The SPIN Modeling Vocabulary defines a mechanism to encapsulate SPARQL queries so that they can be reused in different contexts: SPIN Templates. A SPIN Template is basically a canned SPARQL query that is parameterized with arguments. In this blog entry, I will walk through an example SPIN template to explain how templates are defined and used. In the end of this article I will also boldly explain why I believe that SPIN is potentially one of the missing links in the Semantic Web puzzle, and a disruptive killer technology.

If you haven't done so yet, please read the previous posting about Understanding SPIN Functions. SPIN Functions and Templates basically use the same mechanisms - the main difference is that templates are more general.

We will again use the kennedysSPIN ontology that is shipped with TopBraid Composer 3.0. This example ontology defines various family relationships, including parent, grandFather and grandMother. The example uses a template called InferGrandParent to derive the values of the two grand parent properties from the values of parent and gender.

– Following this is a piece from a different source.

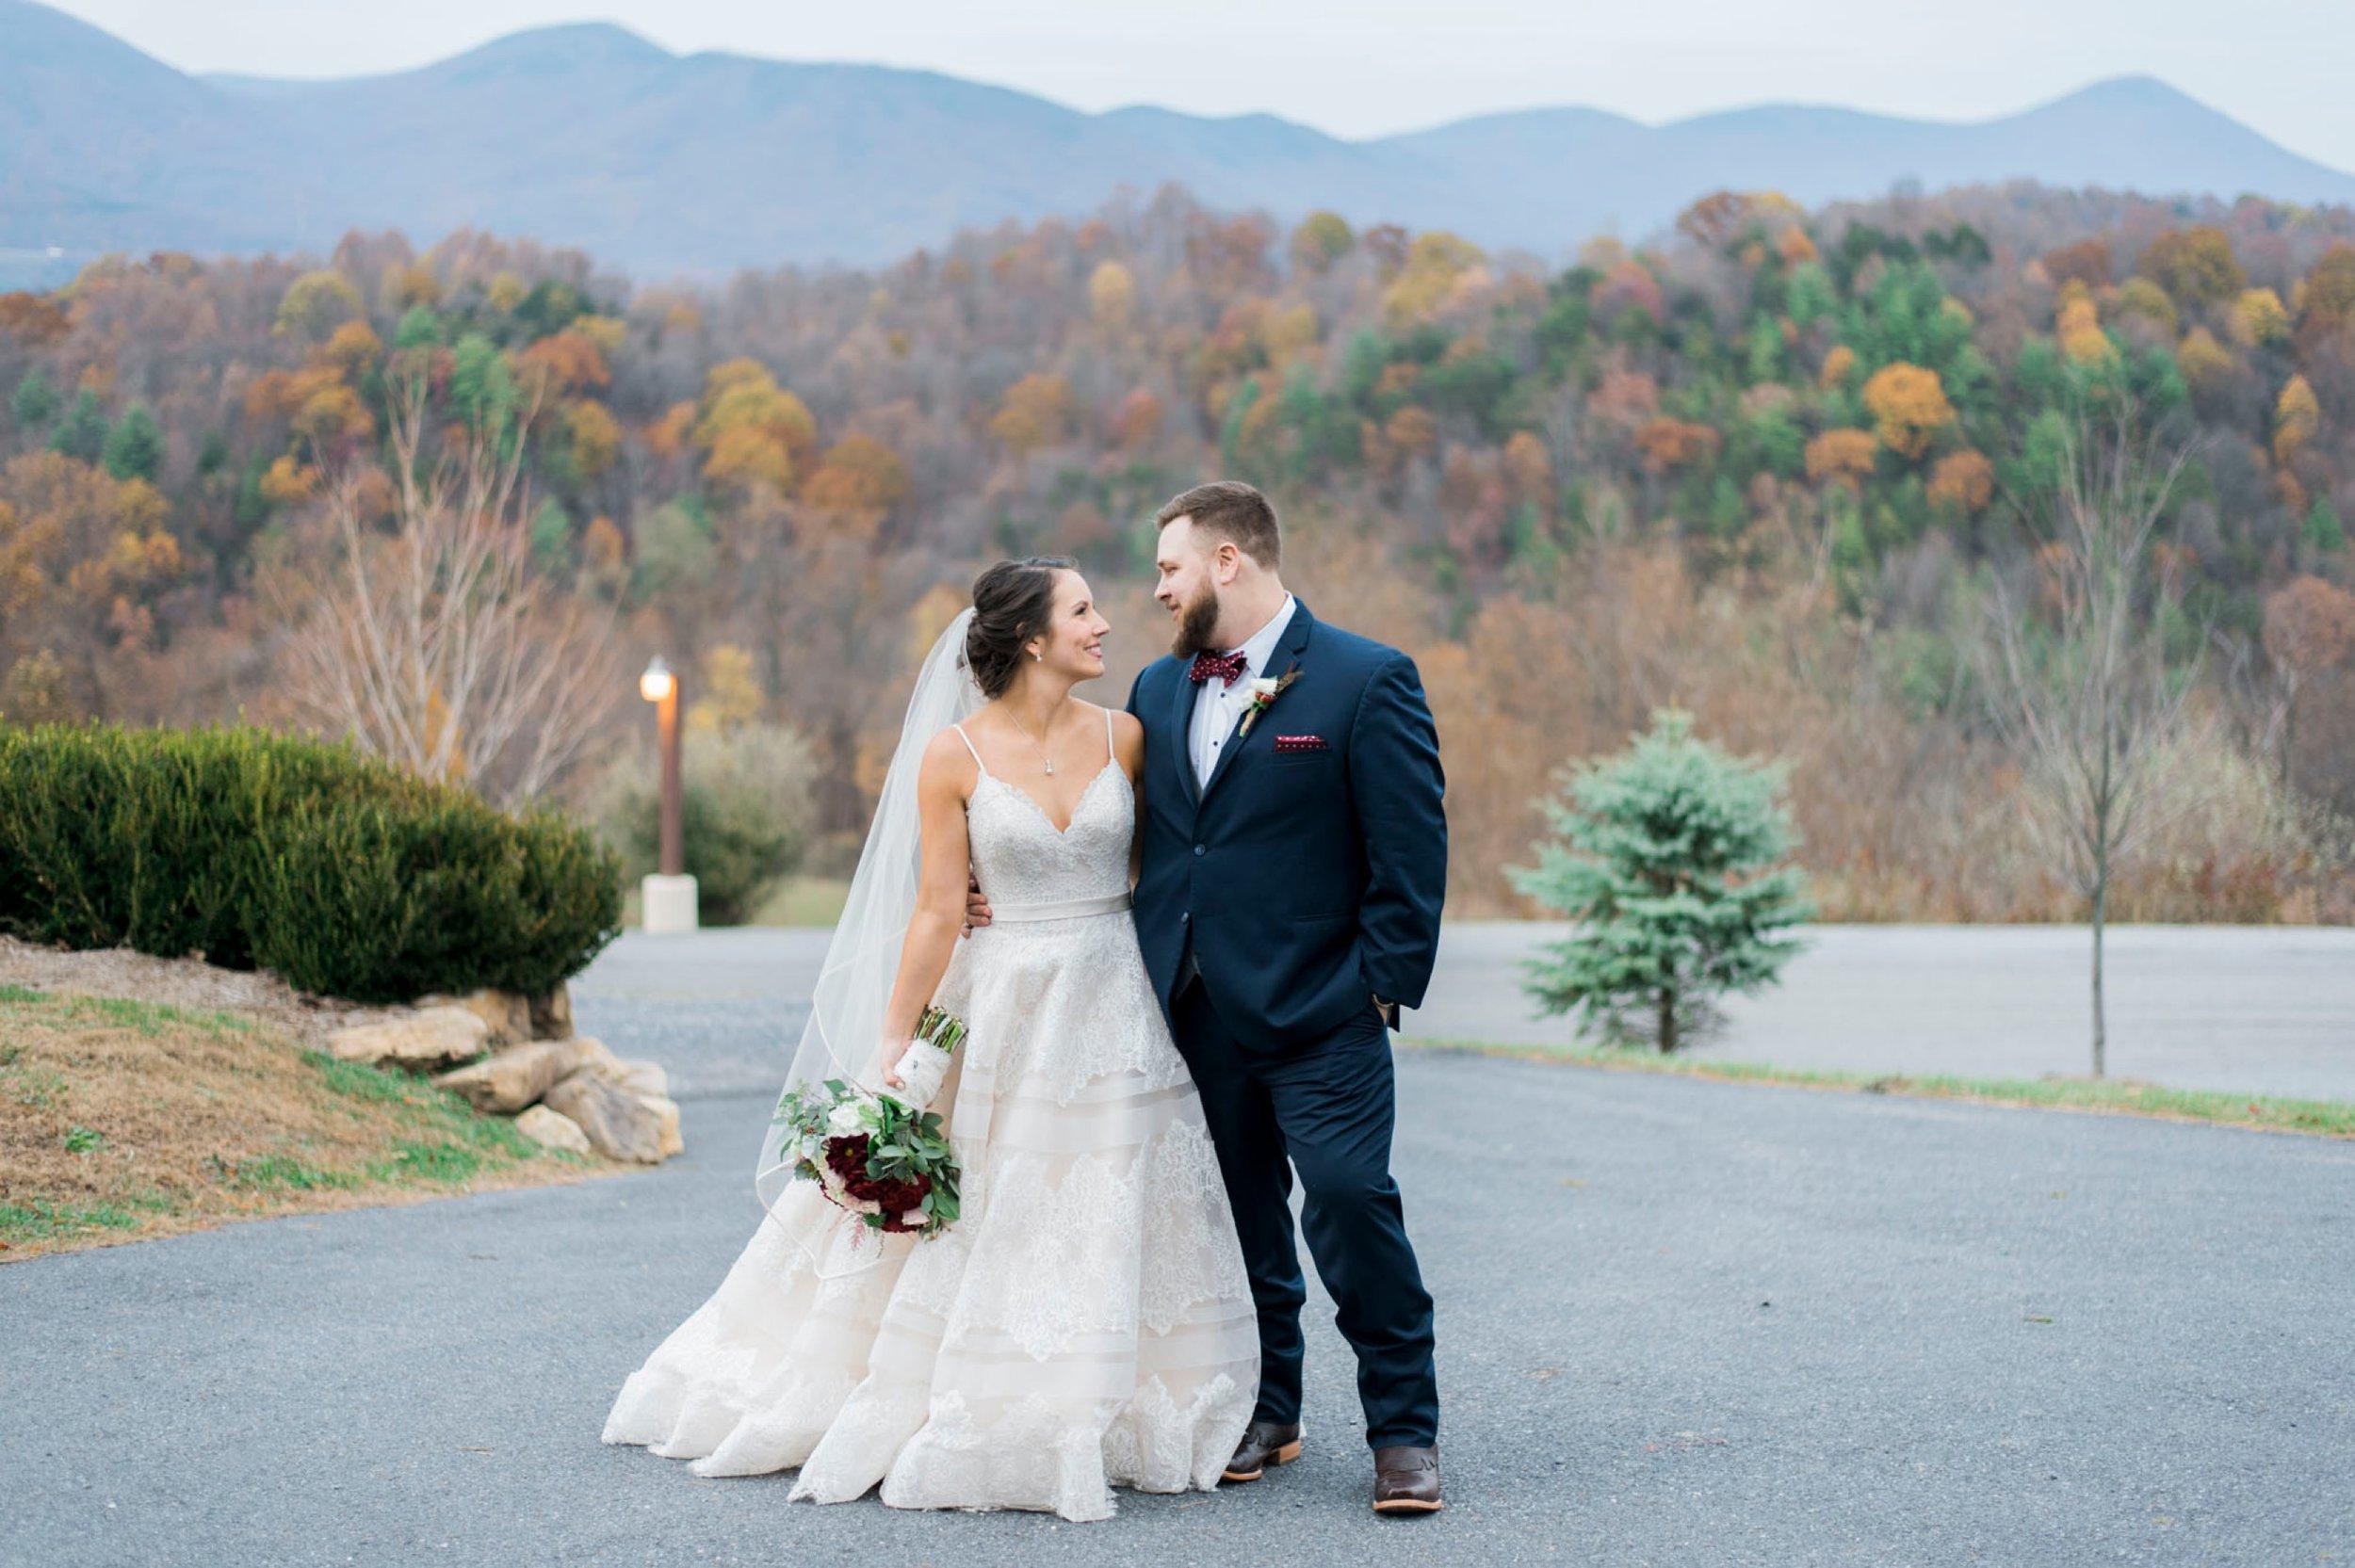 IrvineEstate_LexingtonVA_Wedding_FallWedding_VirginiaWeddingPhotographer 97.jpg

Let's first have a look at how these relationships could be inferred using plain SPARQL queries. In the following screenshots, we have attached two SPARQL CONSTRUCT queries as spin:rules to the class Person.

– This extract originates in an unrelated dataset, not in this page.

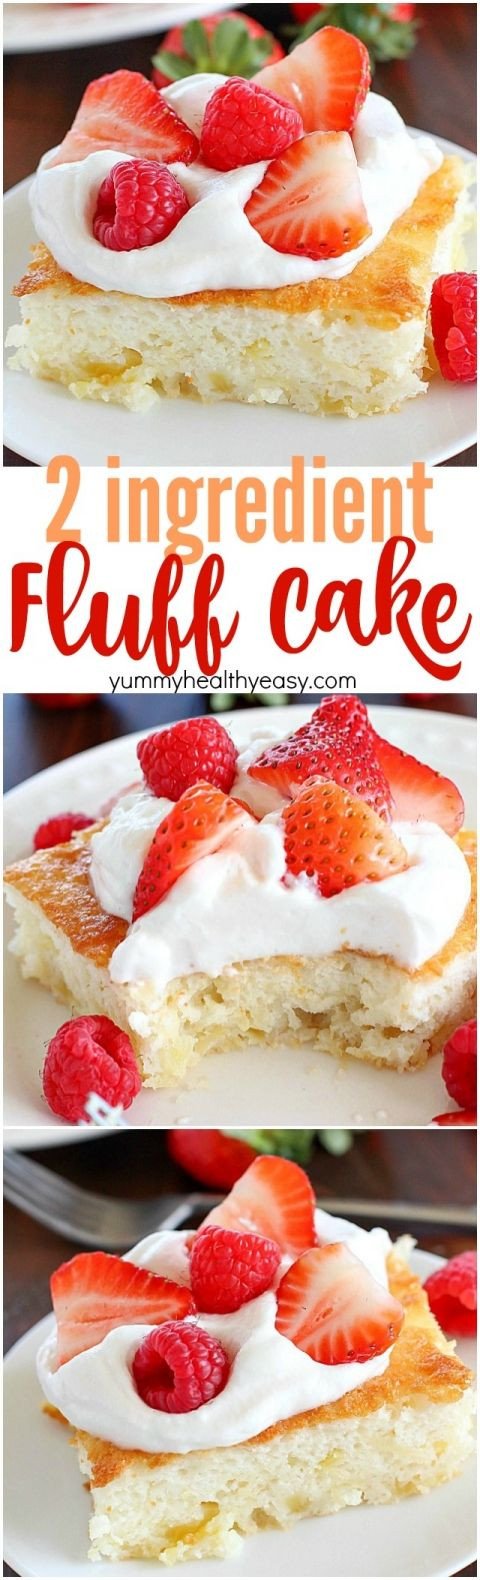 Low Calories Desserts  Best 25 Low calorie cheesecake ideas on Pinterest

The upper rule computes the values of grandFather while the lower rule infers the values of grandMother. We can see that both rules are almost identical: both queries walk up the parent relationship two steps and then check the gender of the grand parent. The only difference are the pairs grandFather/male and grandMother/female, but the basic structure of the queries is the same. SPIN templates can be used to generalize such query patterns so that they can be reused in a more maintainable way. In our example, we will introduce a template that allows us to replace the two individual SPARQL queries, so that the rules look will like in the following screenshot.

In order to get there, we first introduce a template called InferGrandParent, the definition of which is shown below.

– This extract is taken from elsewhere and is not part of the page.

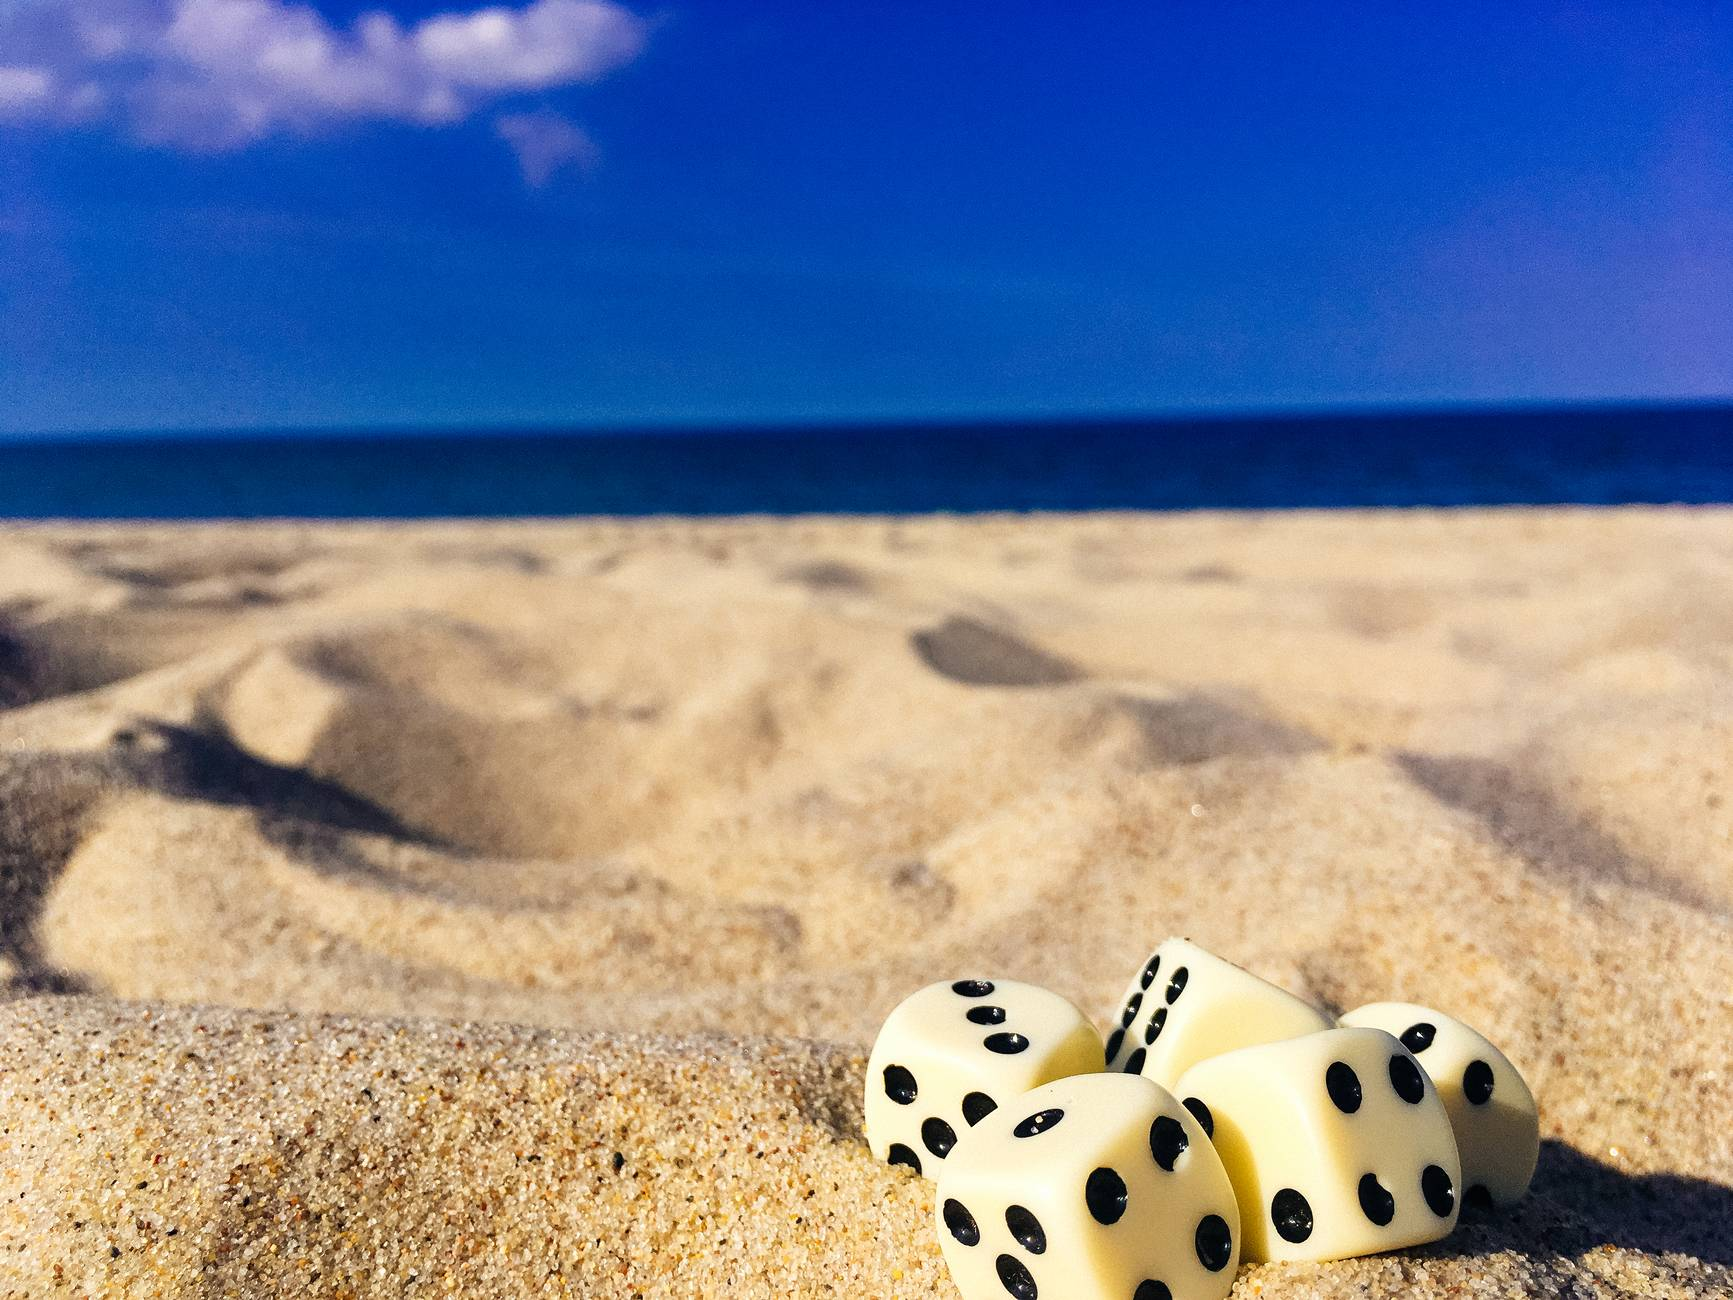 five dice on sand

A SPIN template is a class that has the metaclass spin:Template as its type. I recommend creating a subclass of the system class spin:Templates to keep your templates organized in the class tree. A template should have a comment describing what the template does and can have any number of arguments. These arguments are similar to the arguments of SPIN Functions described earlier; the main difference is that the arguments of templates are unordered and can point to any property instead of being limited to sp:arg1, sp:arg2 etc.

In our example template, we need two arguments:
  1. the gender that we are matching against (male or female)
  2. the predicate that we want to infer (grandFather or grandMother)
The values of those arguments will be inserted into the body query of the template at execution time. Let's take the rule to infer the grandFather relationship as an example. The instantiated template is an instance of the template class in which the values for gender and predicate are filled in:

When executed as a SPIN rule, the template call above will be substituted with the body of the template, so that we get:

So instantiating the template has the effect that the variables ?predicate and ?gender have been replaced with the arguments; in this case: grandFather and male. The same template can now be reused for the pair grandMother and female.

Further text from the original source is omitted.